Raw data:
################

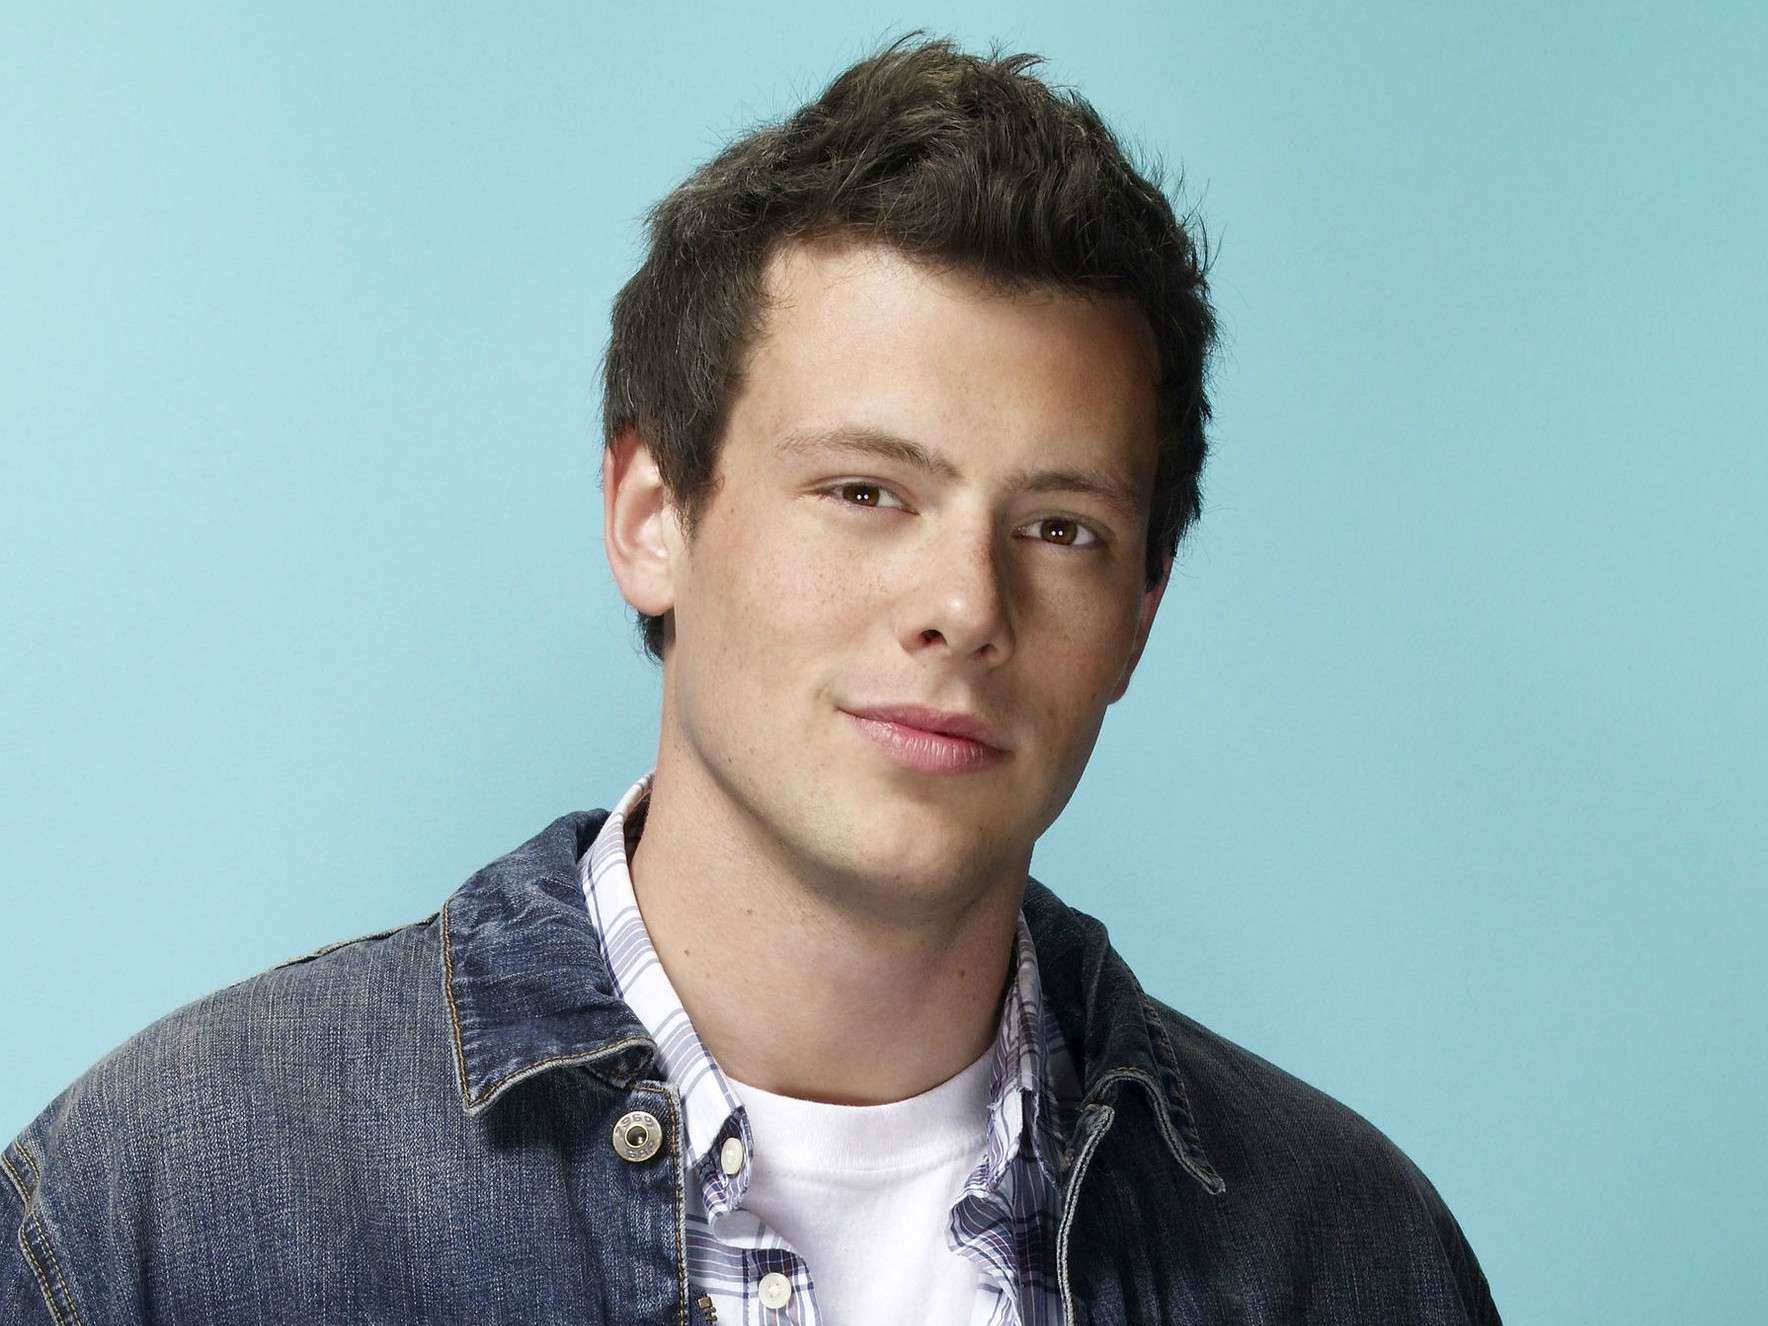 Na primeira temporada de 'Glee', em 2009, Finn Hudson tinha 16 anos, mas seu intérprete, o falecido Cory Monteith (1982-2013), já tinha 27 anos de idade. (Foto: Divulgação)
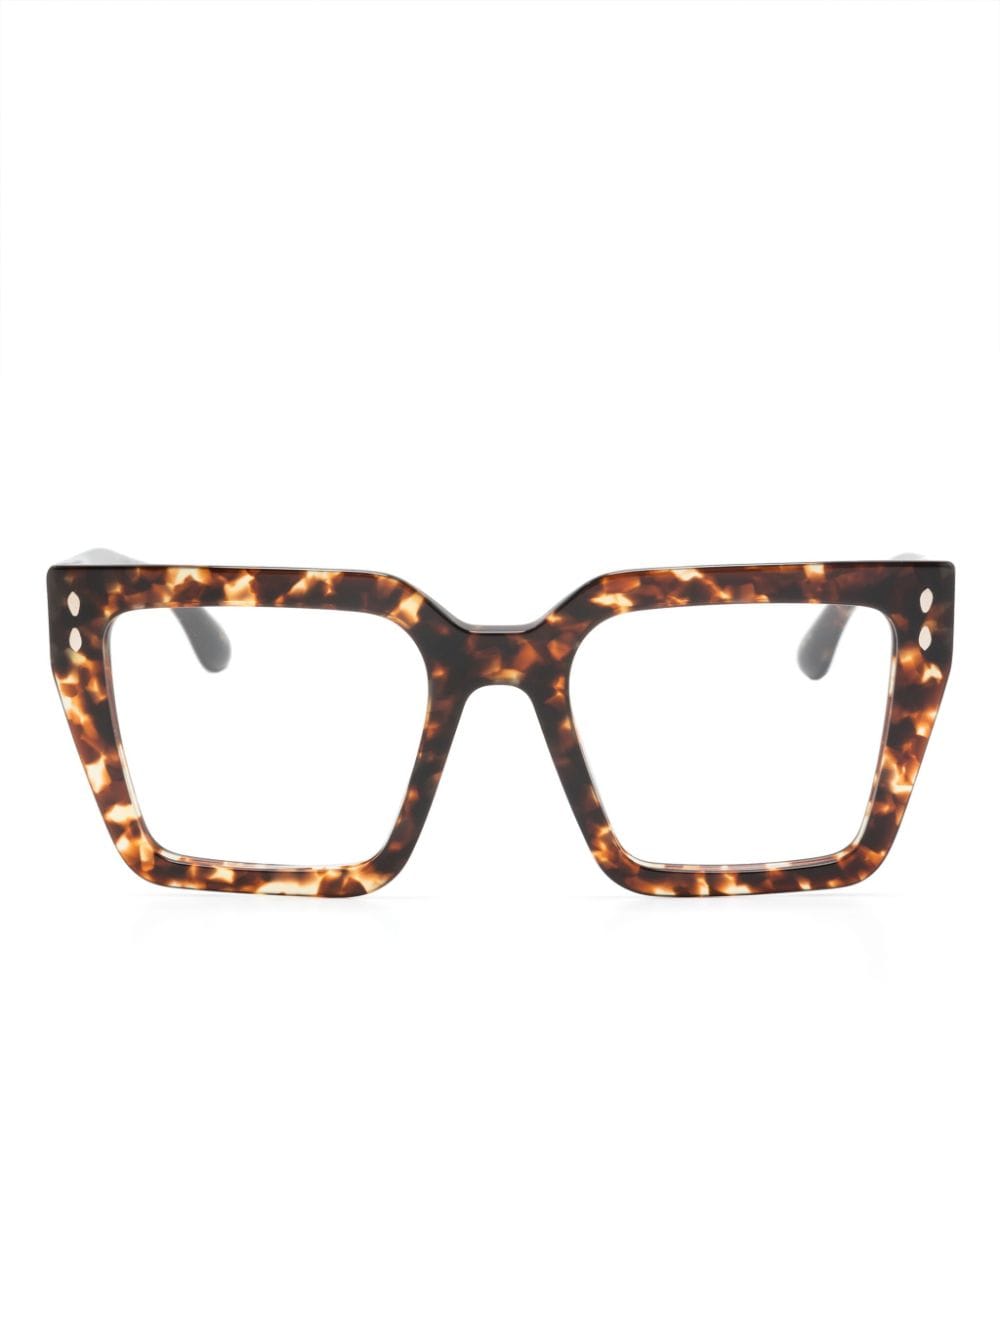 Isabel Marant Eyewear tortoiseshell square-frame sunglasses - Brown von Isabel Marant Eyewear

################

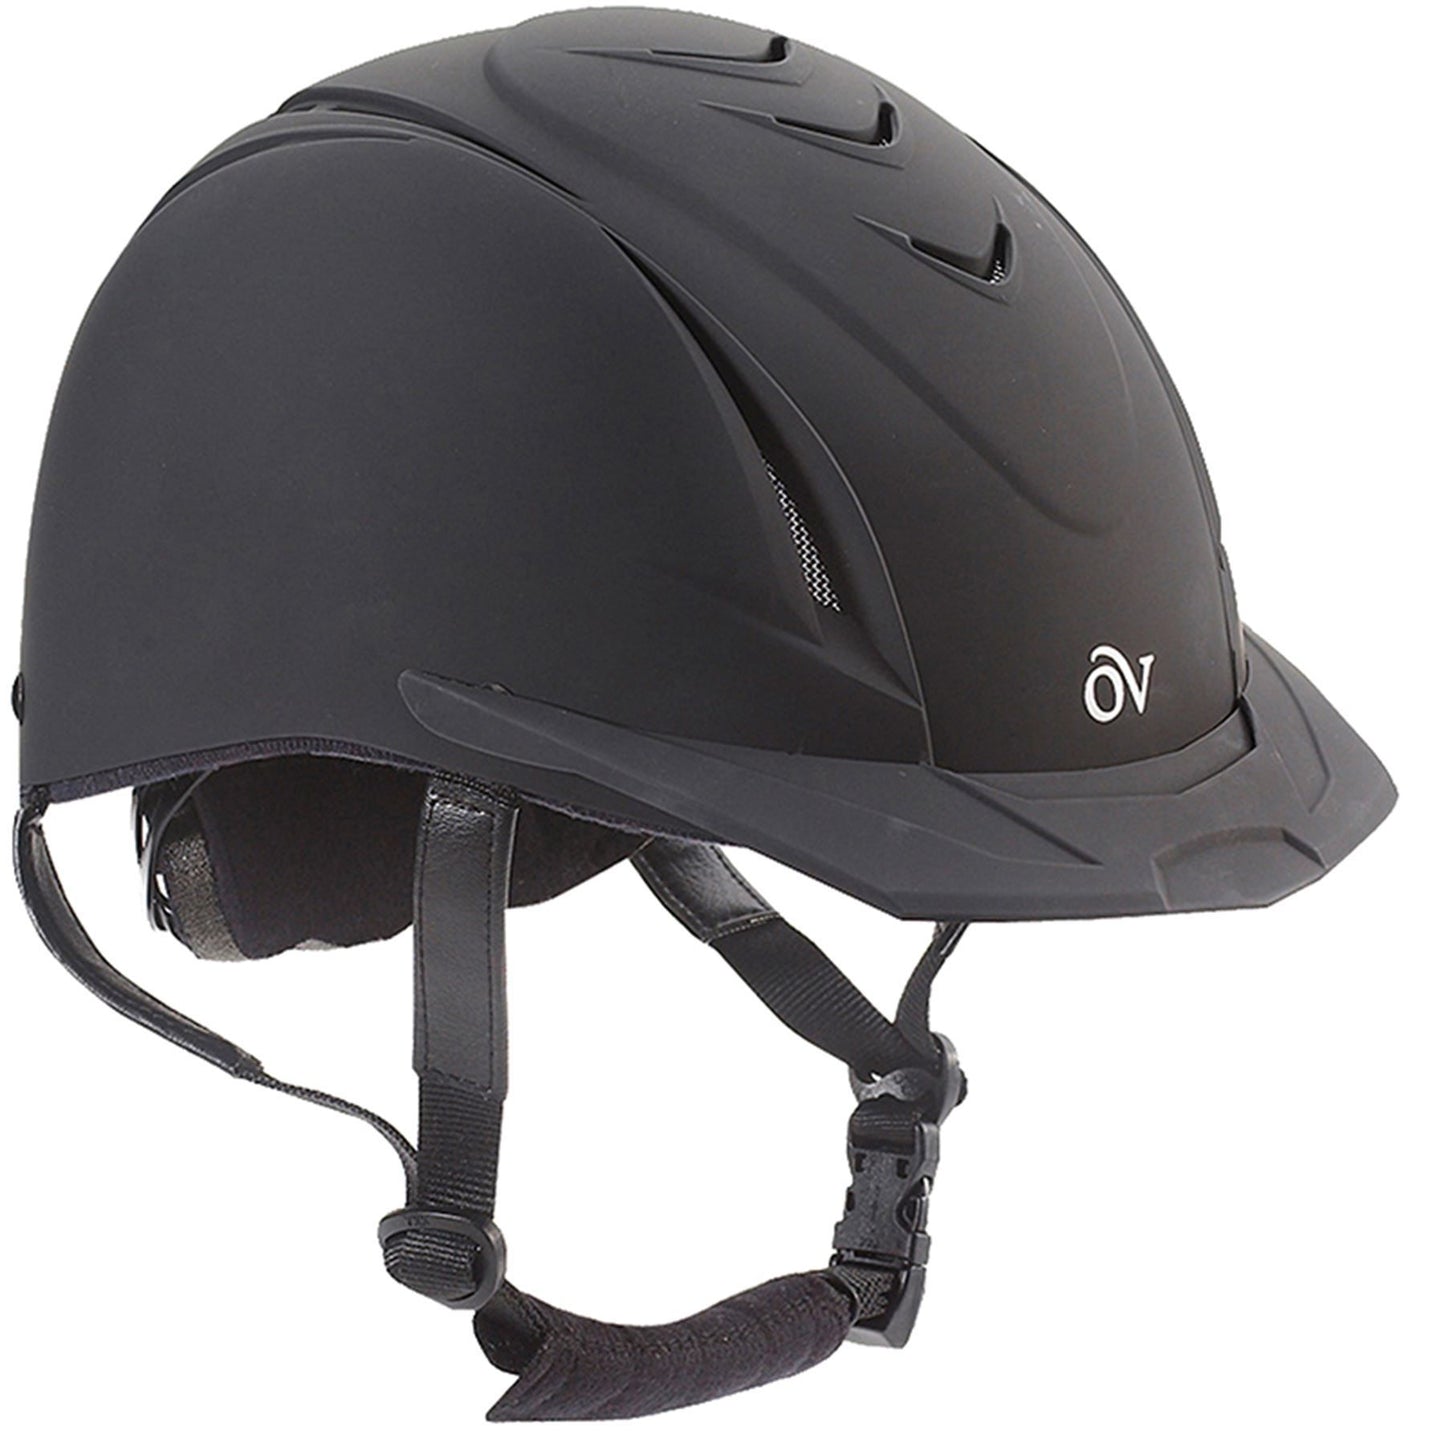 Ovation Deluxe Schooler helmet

################

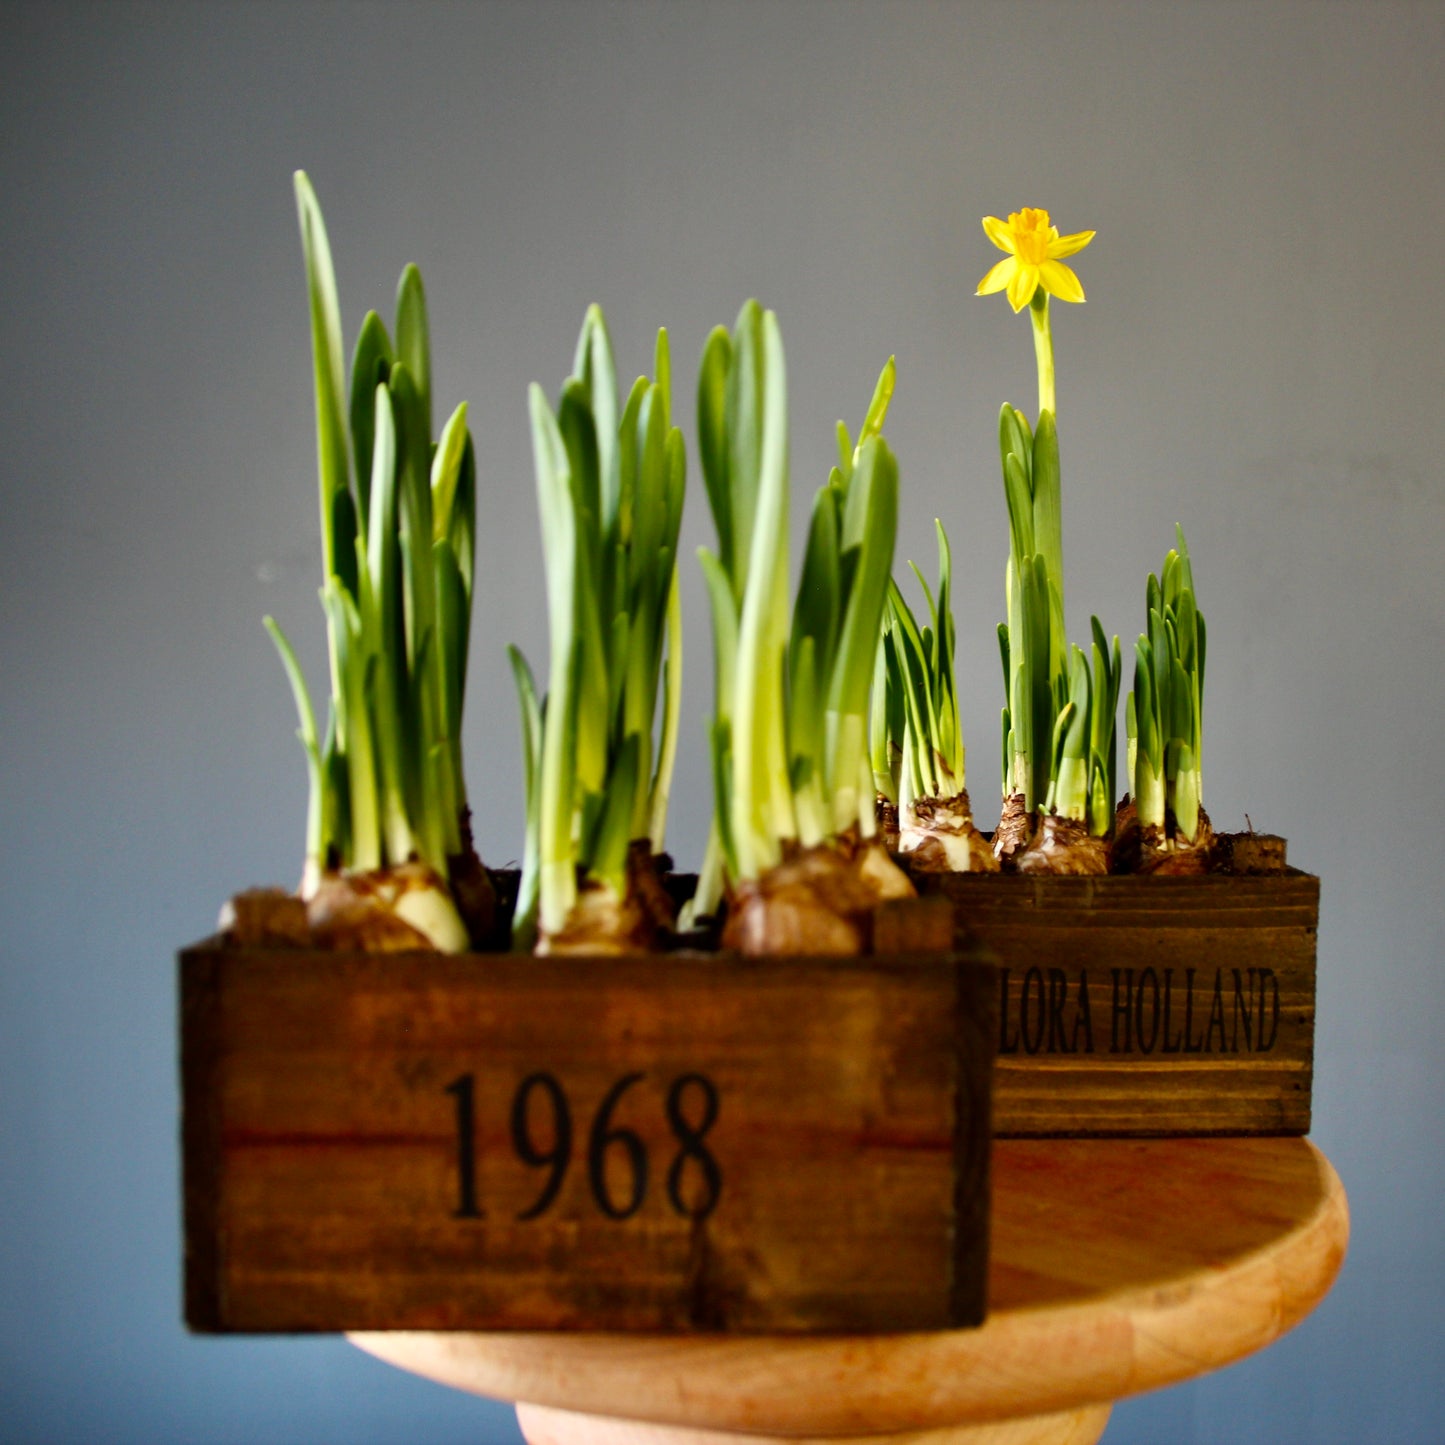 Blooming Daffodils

################

What you need to do:
Print nothing but the lines above starting with the line that contains "Na primeira temporada" and going on through the line that contains "Isabel Marant Eyewear tortoiseshell". Leave out the pictures.

Result for this exercise:
 Na primeira temporada de 'Glee', em 2009, Finn Hudson tinha 16 anos, mas seu intérprete, o falecido Cory Monteith (1982-2013), já tinha 27 anos de idade. (Foto: Divulgação)
 Isabel Marant Eyewear tortoiseshell square-frame sunglasses - Brown von Isabel Marant Eyewear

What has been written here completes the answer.